= Material provided =
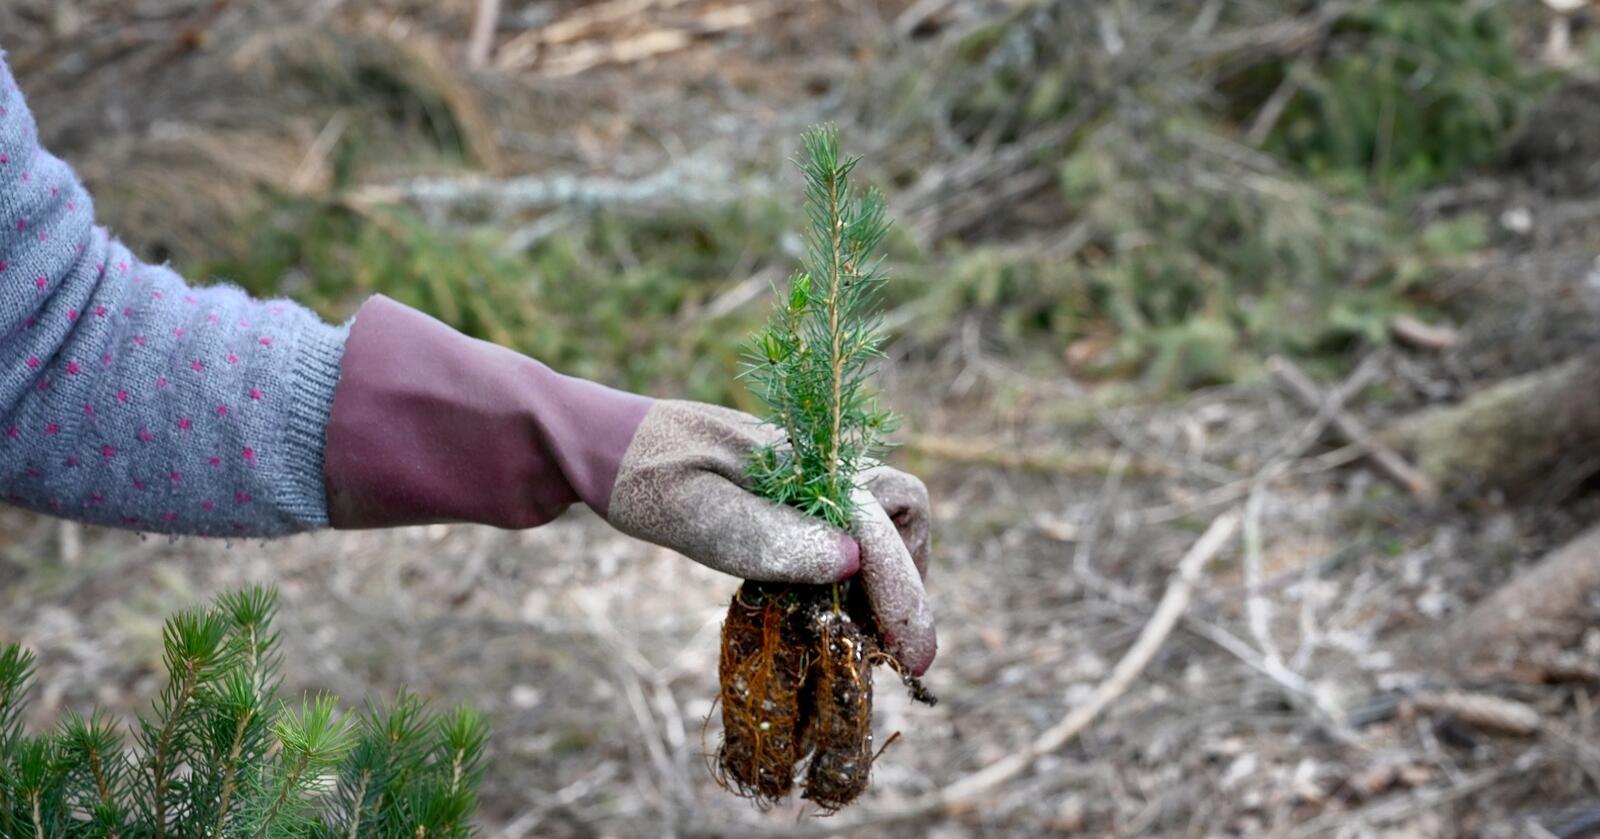 Regjeringen innrømmer at mindre penger til tiltak som skogplanting kan føre til redusert opptak av CO2. Foto: Mariann Tvete
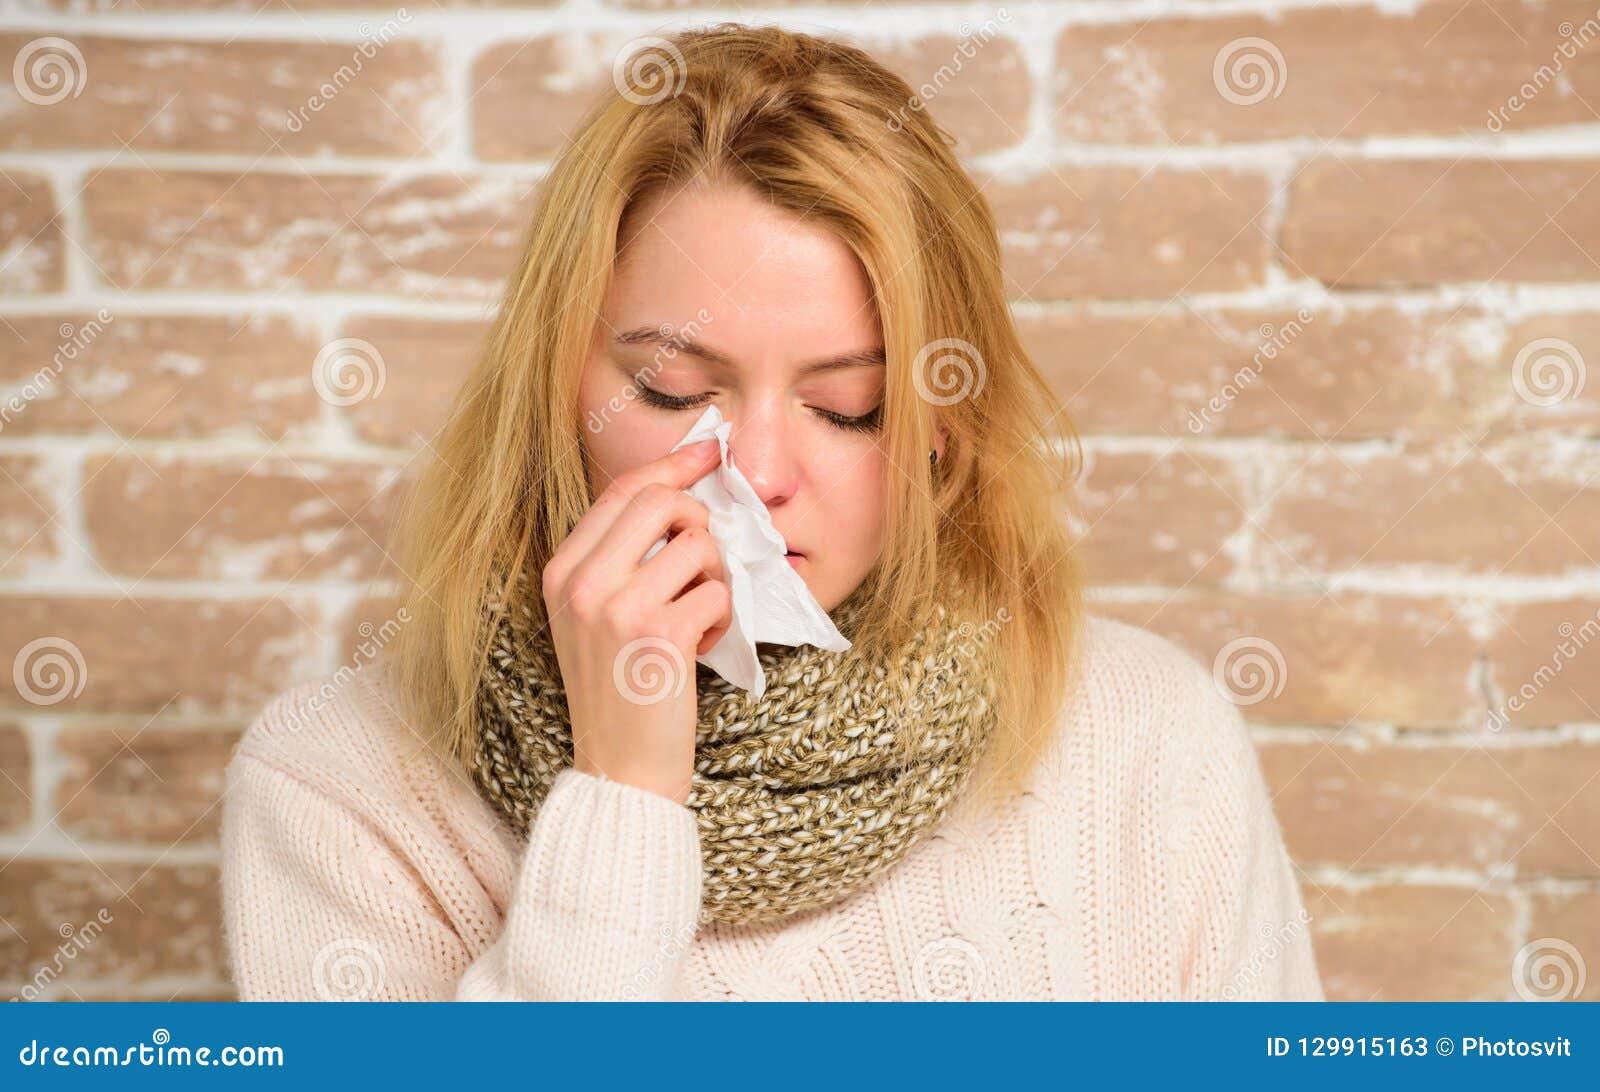 bli av med förkylning snabbare
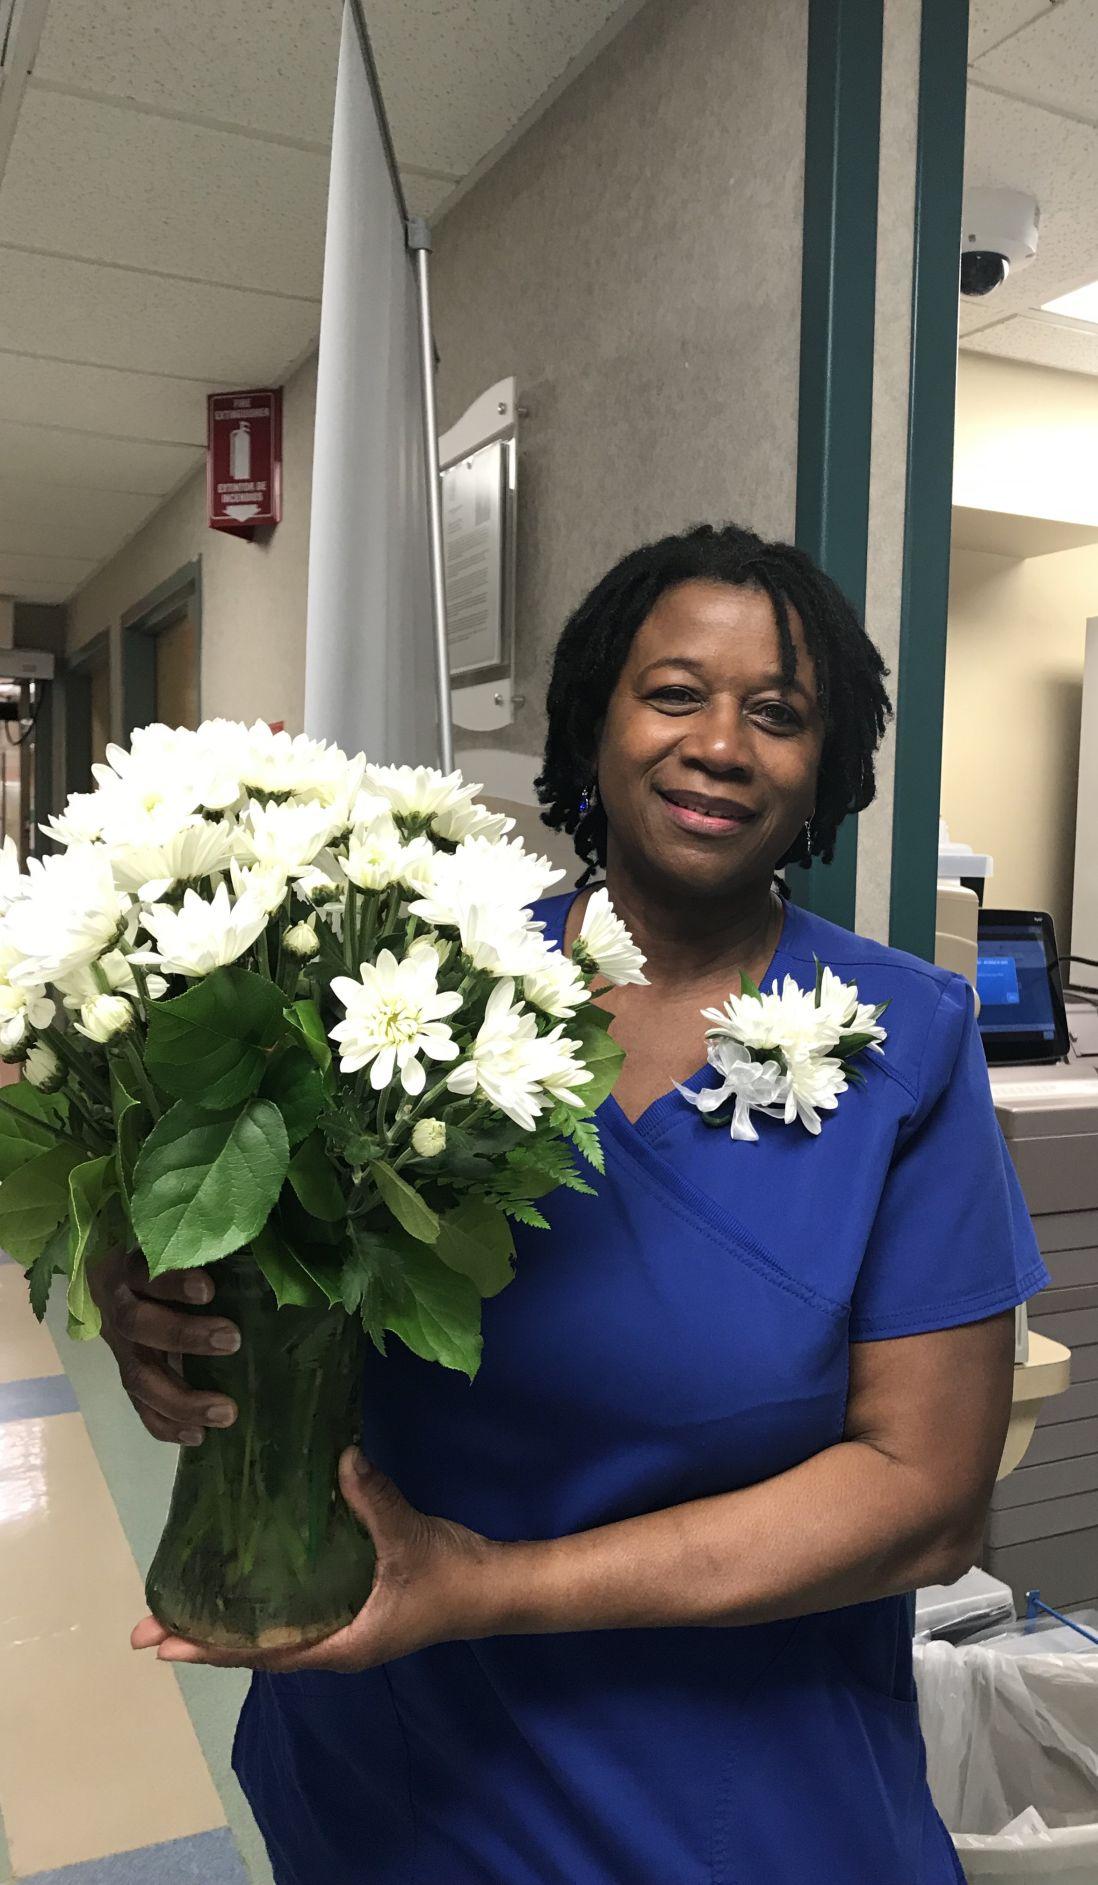 Nurse Hyacinth Blake

= Task statement =
Give back every line of the material exactly as written, but not the pictures.

= Result of this task =
 Regjeringen innrømmer at mindre penger til tiltak som skogplanting kan føre til redusert opptak av CO2. Foto: Mariann Tvete
 bli av med förkylning snabbare
 Nurse Hyacinth Blake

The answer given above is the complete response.